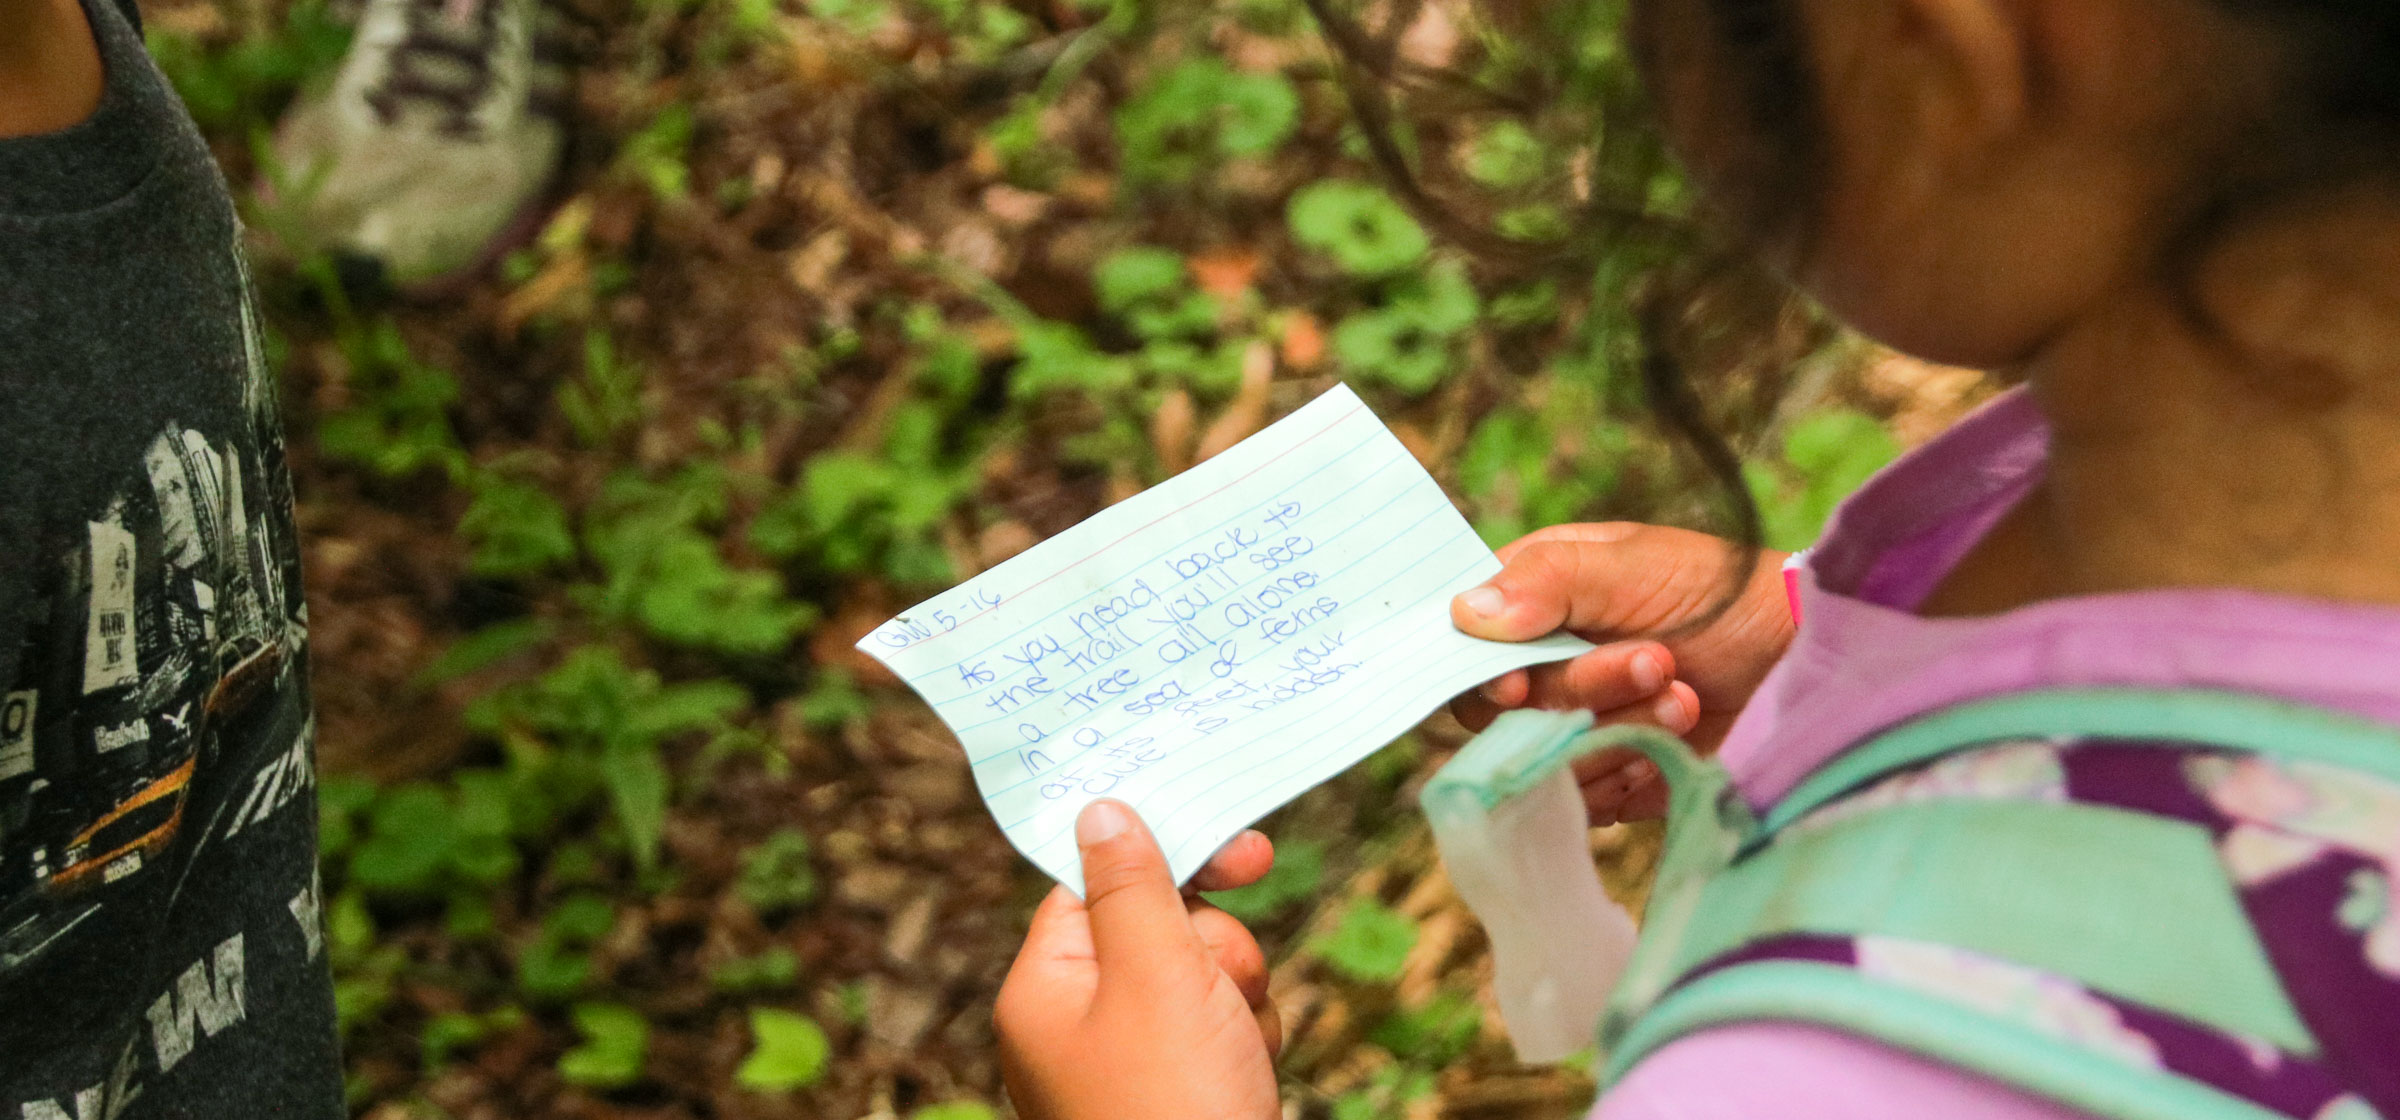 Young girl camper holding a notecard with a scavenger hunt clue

==

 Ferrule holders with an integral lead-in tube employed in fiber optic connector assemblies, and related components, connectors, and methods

---

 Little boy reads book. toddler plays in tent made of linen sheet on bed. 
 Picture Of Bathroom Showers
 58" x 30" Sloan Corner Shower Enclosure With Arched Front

_Task goal_
Reproduce verbatim the lines above, from the line with "Little boy reads" through the line with "With Arched Front".

_Written solution_
 Little boy reads book. toddler plays in tent made of linen sheet on bed. 
 Picture Of Bathroom Showers
 58" x 30" Sloan Corner Shower Enclosure With Arched Front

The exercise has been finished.